### [Data to use]
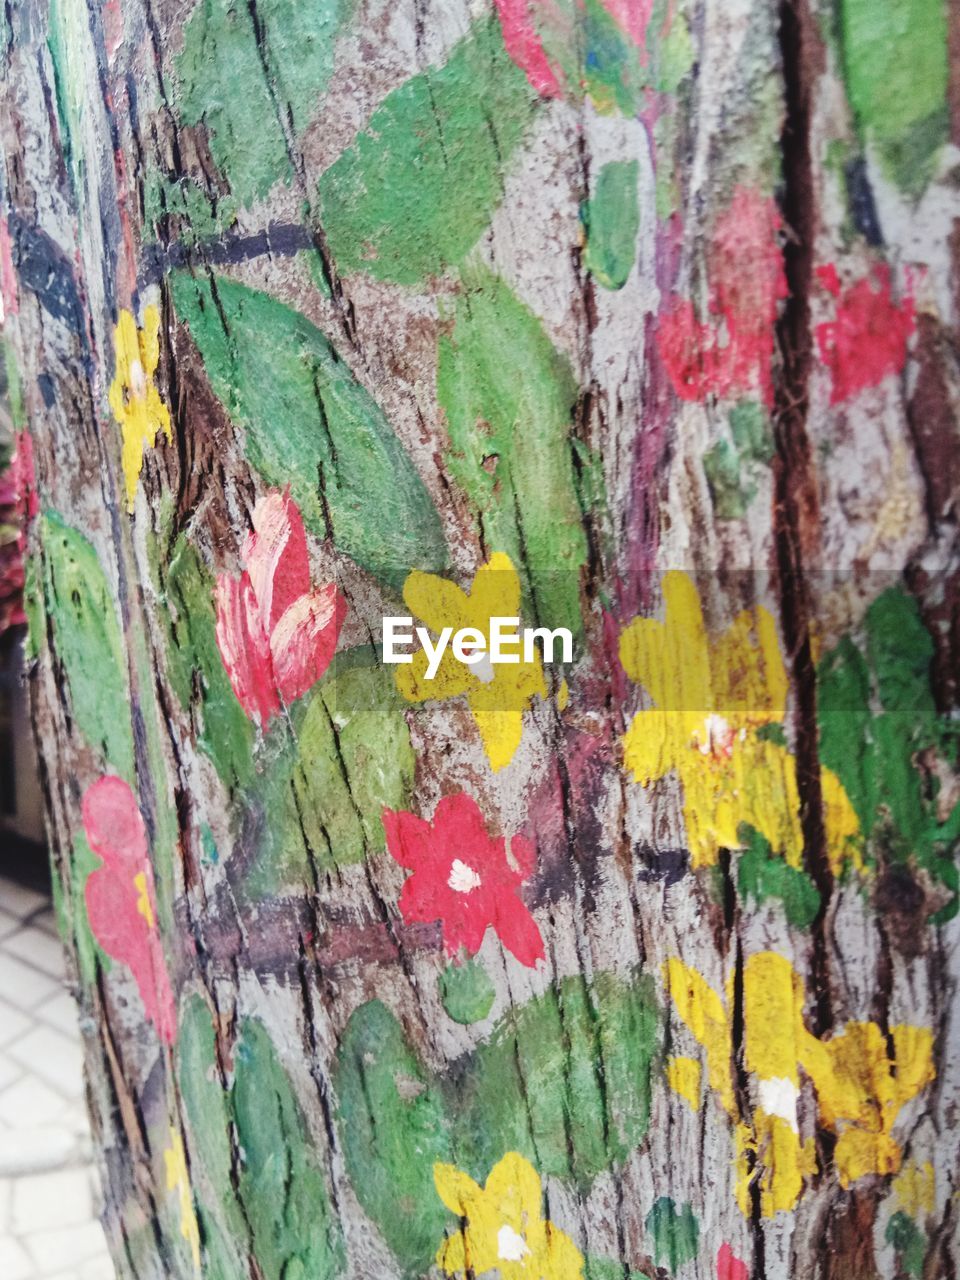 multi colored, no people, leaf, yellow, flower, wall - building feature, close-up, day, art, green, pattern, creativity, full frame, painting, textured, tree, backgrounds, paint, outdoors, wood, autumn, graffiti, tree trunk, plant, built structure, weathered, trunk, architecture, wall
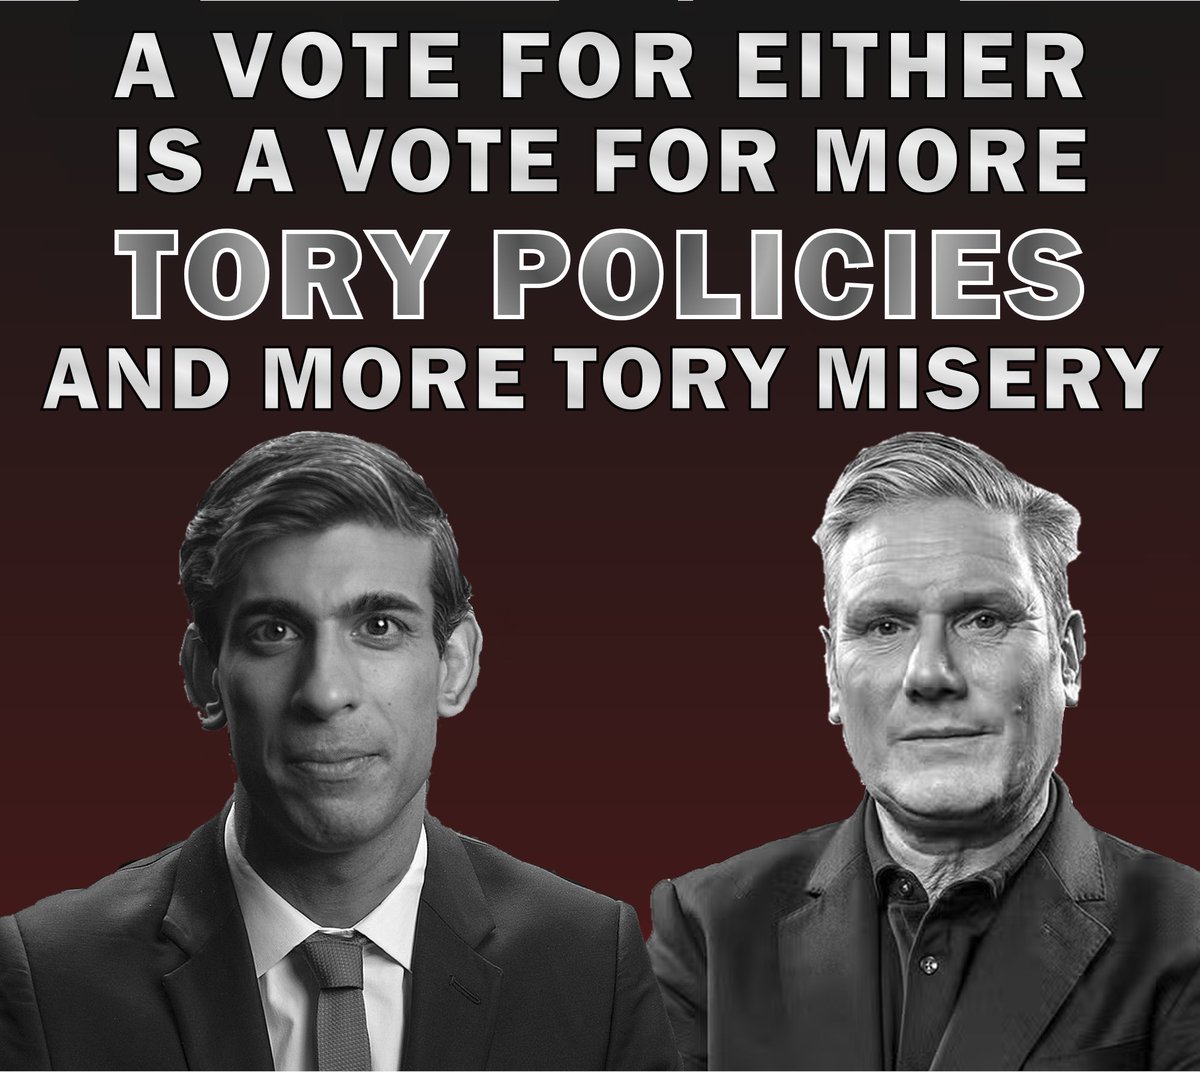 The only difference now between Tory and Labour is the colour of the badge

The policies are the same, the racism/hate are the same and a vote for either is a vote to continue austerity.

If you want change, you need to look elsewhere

...

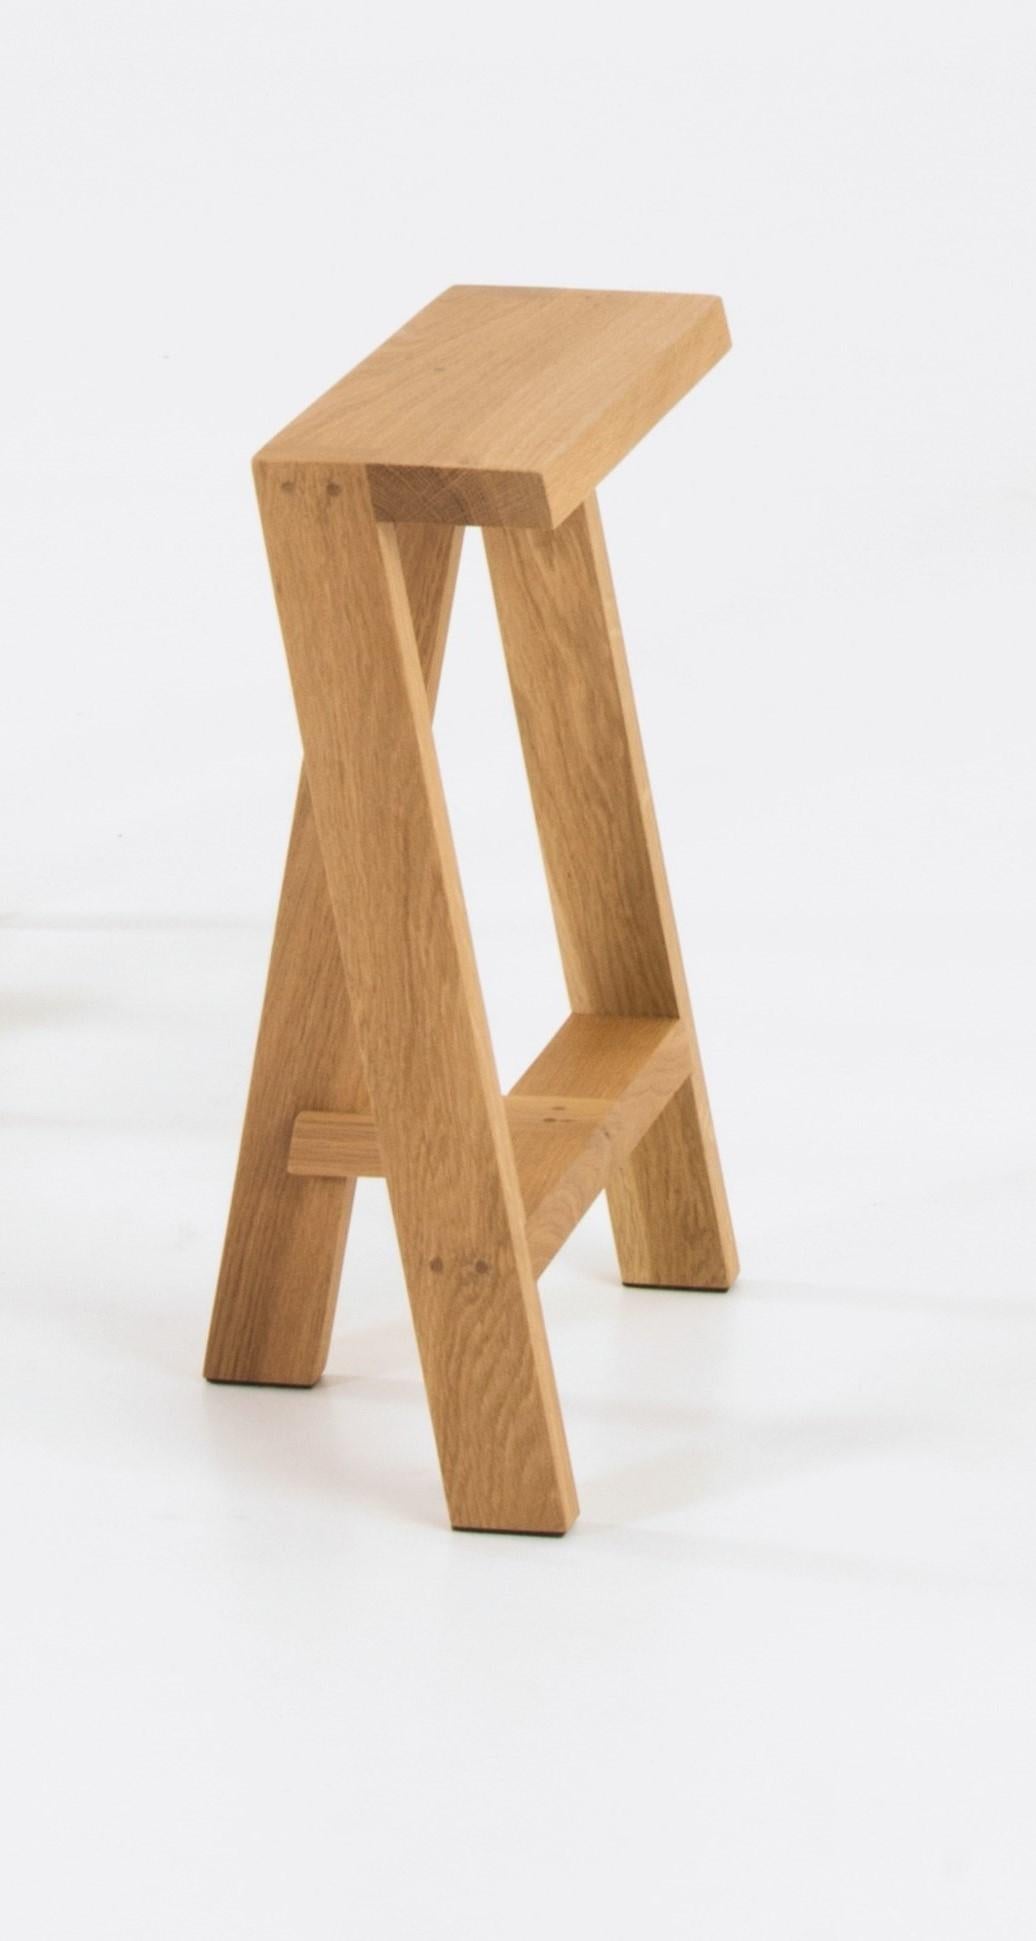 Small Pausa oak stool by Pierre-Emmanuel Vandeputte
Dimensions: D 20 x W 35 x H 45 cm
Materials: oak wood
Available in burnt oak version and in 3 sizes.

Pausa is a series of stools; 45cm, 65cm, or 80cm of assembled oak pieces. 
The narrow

### [Exercise goal]
In the data above, find the line with "multi colored, no" and the line with "The policies are". Please copy exactly those two lines and every line between them, but not the pictures.

### [Exercise answer]
 multi colored, no people, leaf, yellow, flower, wall - building feature, close-up, day, art, green, pattern, creativity, full frame, painting, textured, tree, backgrounds, paint, outdoors, wood, autumn, graffiti, tree trunk, plant, built structure, weathered, trunk, architecture, wall
 The only difference now between Tory and Labour is the colour of the badge

The policies are the same, the racism/hate are the same and a vote for either is a vote to continue austerity.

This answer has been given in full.